There's some nuance to this, I think. For one arbitrary example where this might not hold: NovelAI was trained on data from 'danbooru', an imageboard where people repost and tag art. All the tagging on that site is in English and they frequently also translate things like the author's description of the image and any in-image text. So if you were to use that site as a dataset, it would all be English.

Or is it? The original source content was in a mix of languages - english, japanese, chinese, korean, etc. It only then got translated into english and tagged in english. So if you had trained on the original source content, you would have been training on a mix of languages, but that got erased for the convenience of the people training the network.

Even if the original images have a mix of languages I think the tagging is all done in english (I may be wrong). I would argue that the source material includes the tagging as it is necessary for the AI to get trained so the content is not really mixed but entirely english.

But anyways the danbooru tags consist of things like: short hair, blue eyes, portrait. Things that are much more easier to translate (or "understand") in several languages than entire phrases like GPT does.

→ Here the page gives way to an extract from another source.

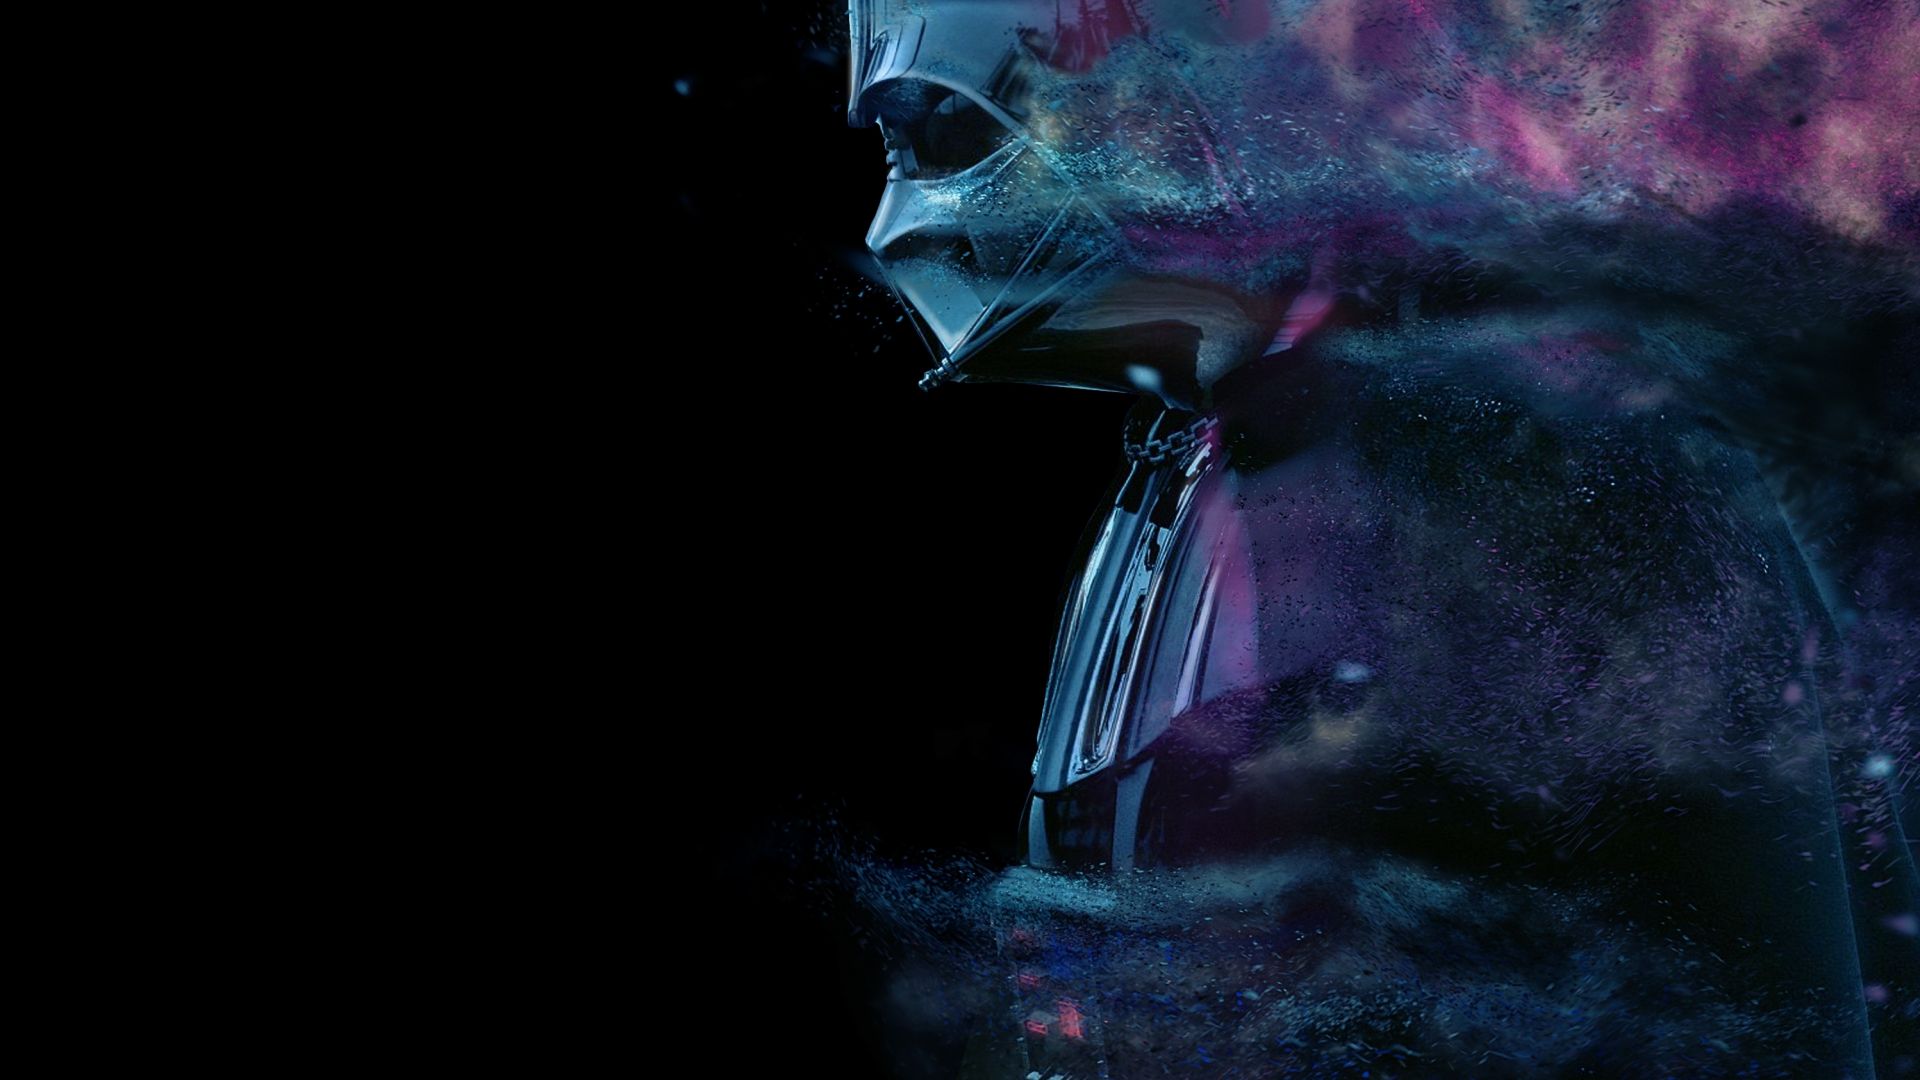 Fading away, star wars, darth vader wallpaper, HD image, picture, background, 3277fb

Yeah, the danbooru tagging is done in english. However, if the art is sourced from places like Pixiv, those sites do tagging in the site's native language. My point is that the original content was in a mix of languages, but the process of tagging and training normalized it all into english and results in a situation where even the people who authored the original art will now pay more to use the resulting networks if billed per-token unless they learn English. So we're basically taking all this input from various cultures, Englishifying it, and then potentially billing them more if they want to keep using their native tongue. Kind of sad.
Libgen is 57% English (17% Russian, 8% German) [1]. By comparison, 10% of Wikipedia is in English [2] (going by number of files and number of articles respectively, both flawed metrics)

Though I feel that's answering a slightly different question. Data used to train currently popular models is mostly English, and the marjority of data in sources popular in the anglosphere is English. Neither of these show whether the majority of available media is English.

https://www.reddit.com/r/libgen/comments/r3lzg2/top_15_langu...

https://en.wikipedia.org/wiki/Wikipedia:Size_of_Wikipedia#Co...

FWIW Chinese tech companies have a lot of stuff also that is really impressive like WuDao 2.0. They just don't get the same amount of press.
An old version of Google’s MoE without any benchmarks is impressive?
I'm wondering about this in the context of new programming languages. If people are using LLMs to learn a new language, will a new programming language be at a disadvantage until there's a critical mass of code, comparisons to existing languages, Rosetta Stone style examples, etc?
> All the AIs will be trained on the available media - most of which is English.

Are you sure about that? Most of the media we see, sure, but there has been, and still is a lot of media being produced in other languages.